A magnet is cut in three equal parts by cutting it perpendicular to its length. The time period of the original magnet is ${T_0}$ in a uniform magnetic field $B$ . Then, the time period of each part in the same magnetic field is
A. $\dfrac{{{T_0}}}{2}$
B. $\dfrac{{{T_0}}}{3}$
C. $\dfrac{{{T_0}}}{4}$
D. None of these

Answer 1

Solution

Hint First establish the magnetic moments and the moment of inertia of each of the magnet pieces cut from the original piece. Then substitute these values in the equation for the time period of a magnet.
Formula used
${T_0} = 2\pi \sqrt {\dfrac{I}{{MB}}}$ where $I$ is the moment of inertia of the magnet and $M$ is its magnetic moment, $B$ is the magnetic field and ${T_0}$ is the time period of the magnet.

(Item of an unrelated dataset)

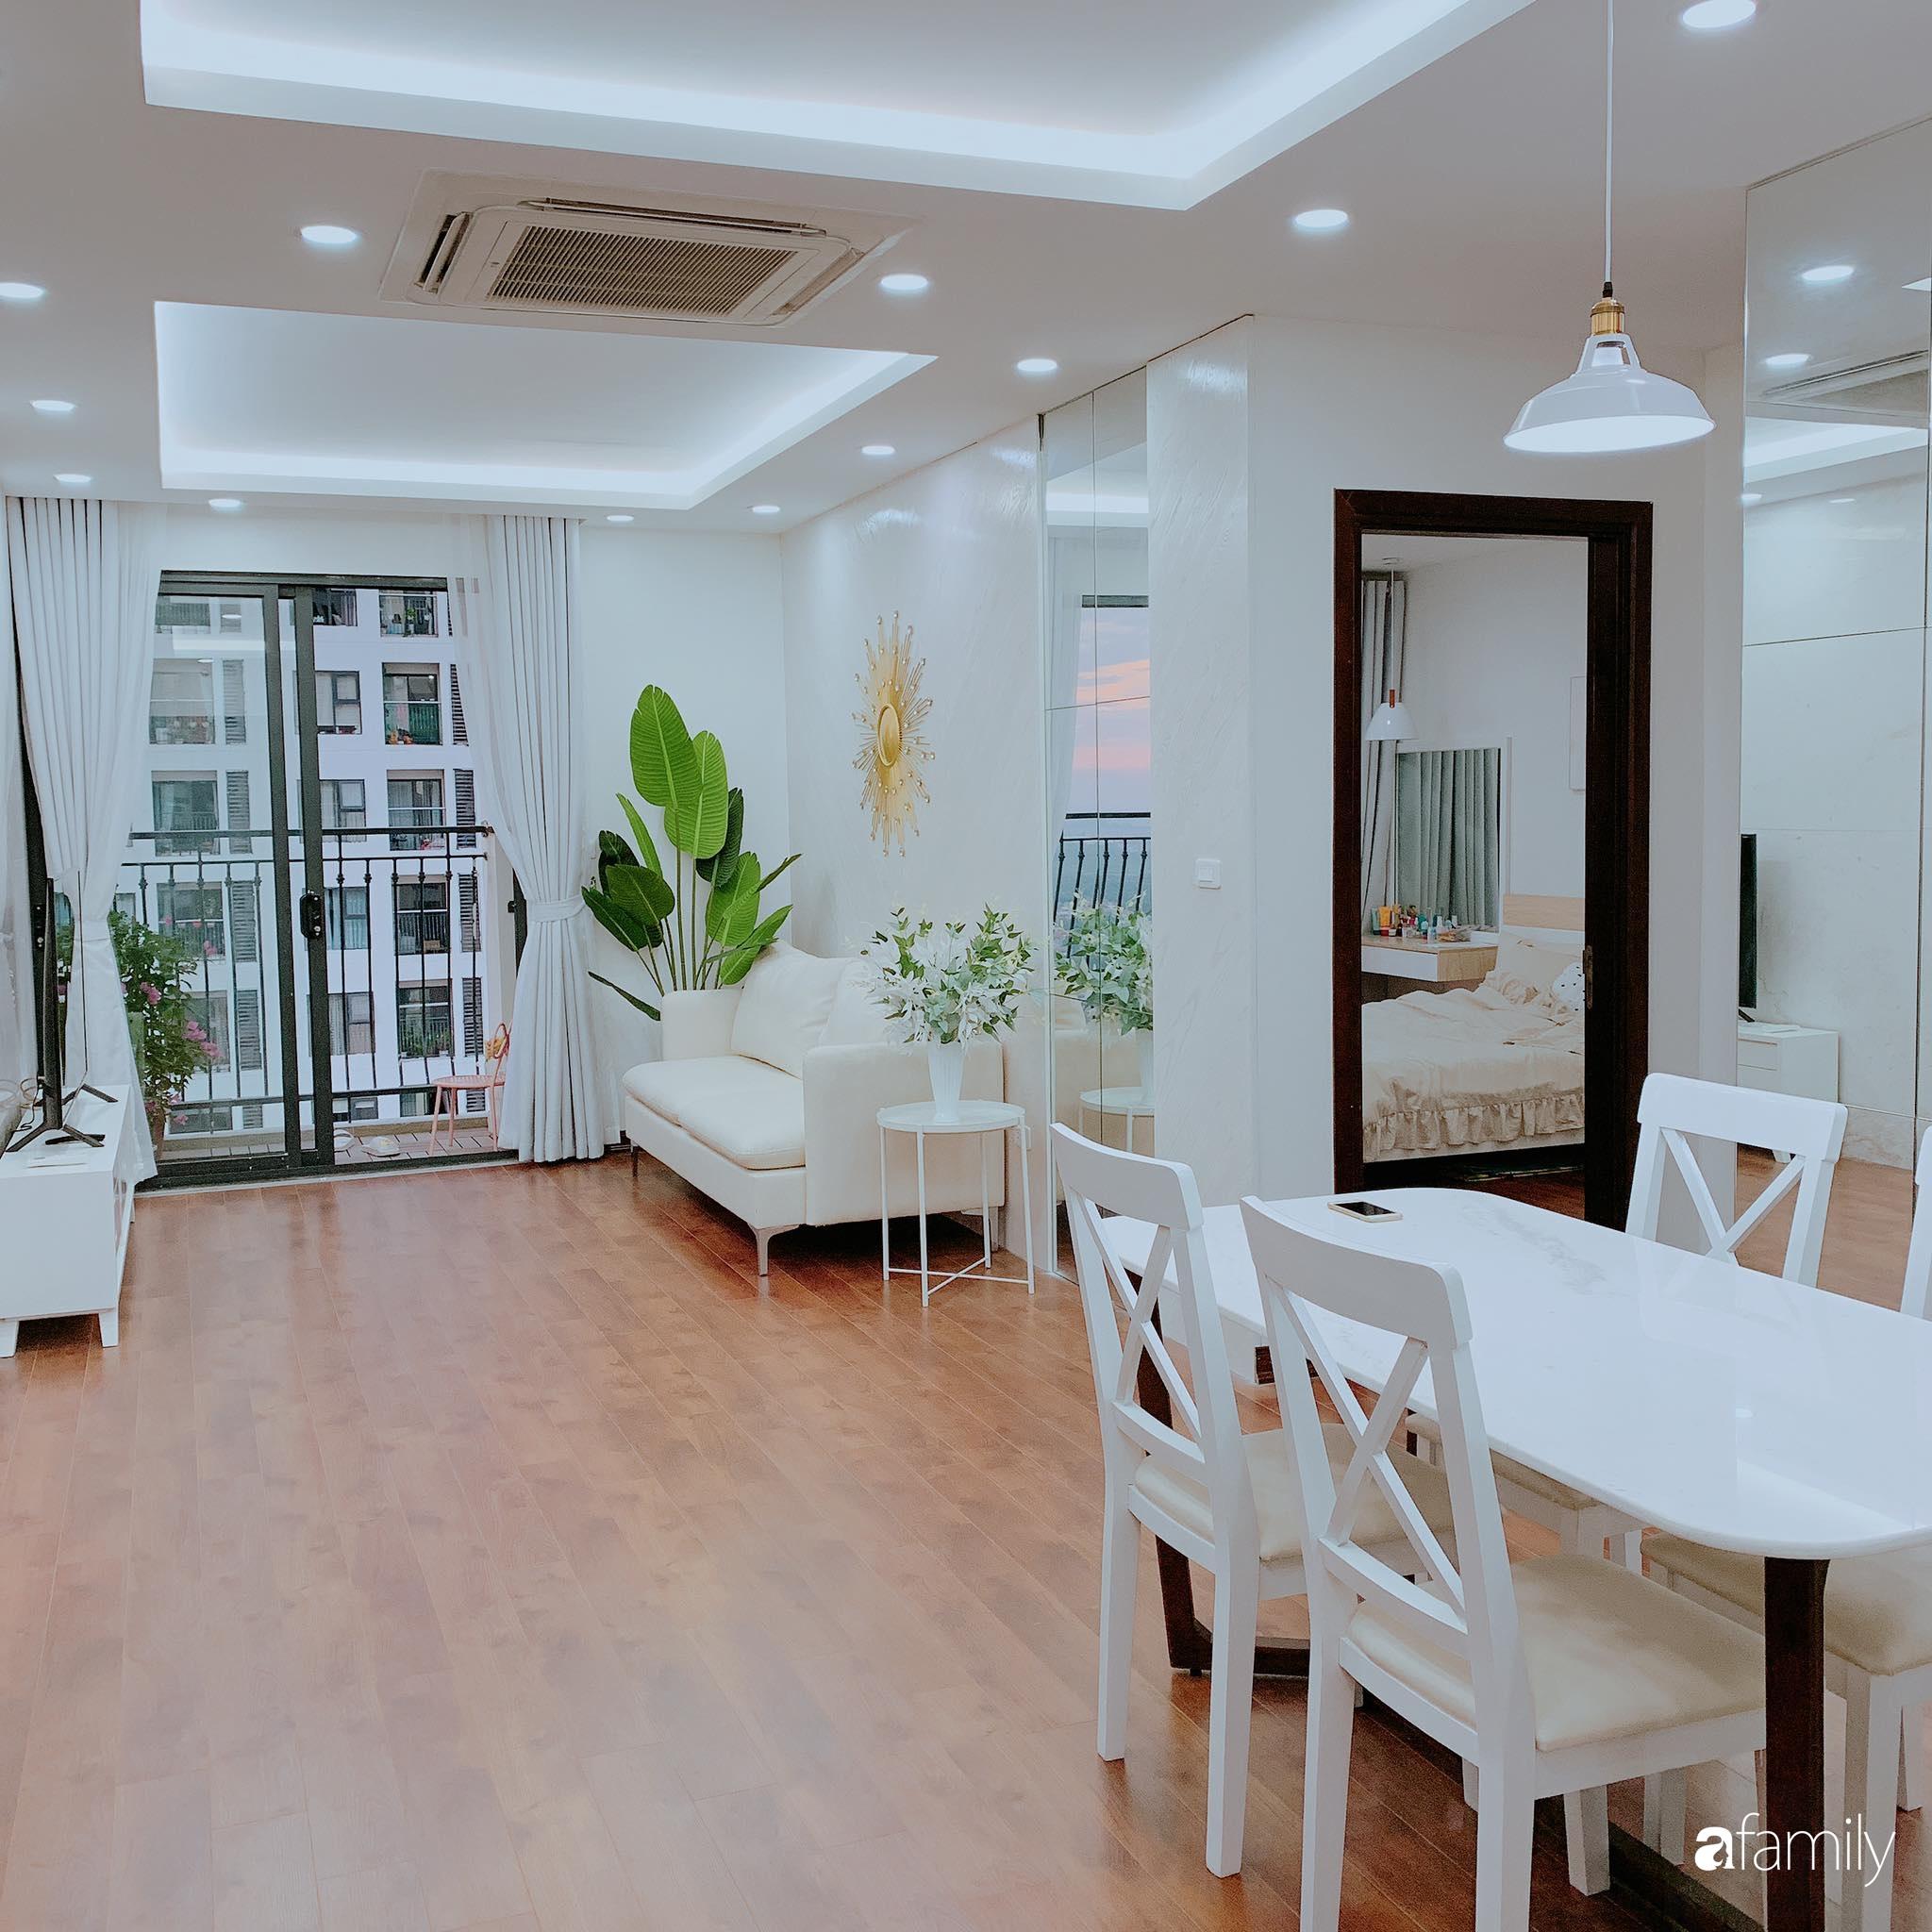 Căn hộ 90m² như được nhân đôi không gian nhờ cách decor khéo léo với màu trắng - ghi ở Hà Nội - Ảnh 3.

Complete step by step answer
For the original magnet, the time period is given by the formula,
${T_0} = 2\pi \sqrt {\dfrac{I}{{MB}}}$ where $I$ is the moment of inertia of the magnet and $M$ is its magnetic moment.
Now when the magnet is cut into three equal parts, the magnetic moments of each of the parts become one-third of its original value $M$ such that $M' = \dfrac{M}{3}$ where $M'$ is the magnetic moment of each of the parts.
Now moment of inertia is essentially defined as a quantity expressing a body’s tendency to resist angular acceleration.
Moment of inertia of the magnet about an axis perpendicular to its length through its one end is given as $\dfrac{{m{l^2}}}{3}$ where $m$ is its mass and $l$ is its length.
Now, when the magnet is cut into three equal parts, mass of each part becomes $\dfrac{m}{3}$ and length of each part becomes $\dfrac{l}{3}$
So, moment of inertia of each of such part is $I' = \dfrac{m}{3}\dfrac{{{{\left( {\dfrac{l}{3}} \right)}^2}}}{3} = \dfrac{1}{{27}}\dfrac{{m{l^2}}}{3} = \dfrac{I}{{27}}$
So, the new time period of each of the pieces is
$\begin{gathered} T = 2\pi \sqrt {\dfrac{{I'}}{{M'B}}} = 2\pi \sqrt {\dfrac{3}{{27}}\dfrac{I}{{MB}}} \\\ \Rightarrow T = \sqrt {\dfrac{1}{9}} 2\pi \sqrt {\dfrac{I}{{MB}}} = \dfrac{{{T_0}}}{3} \\\ \end{gathered}$
Therefore, the time period of each of the magnetic pieces is $\dfrac{{{T_0}}}{3}$

So, the correct answer is B.

Note Magnetic lines of force are always closed as magnetic monopoles do not exist. Which means that a magnet will always have a north pole and a south pole no matter how many times it is cut into smaller pieces.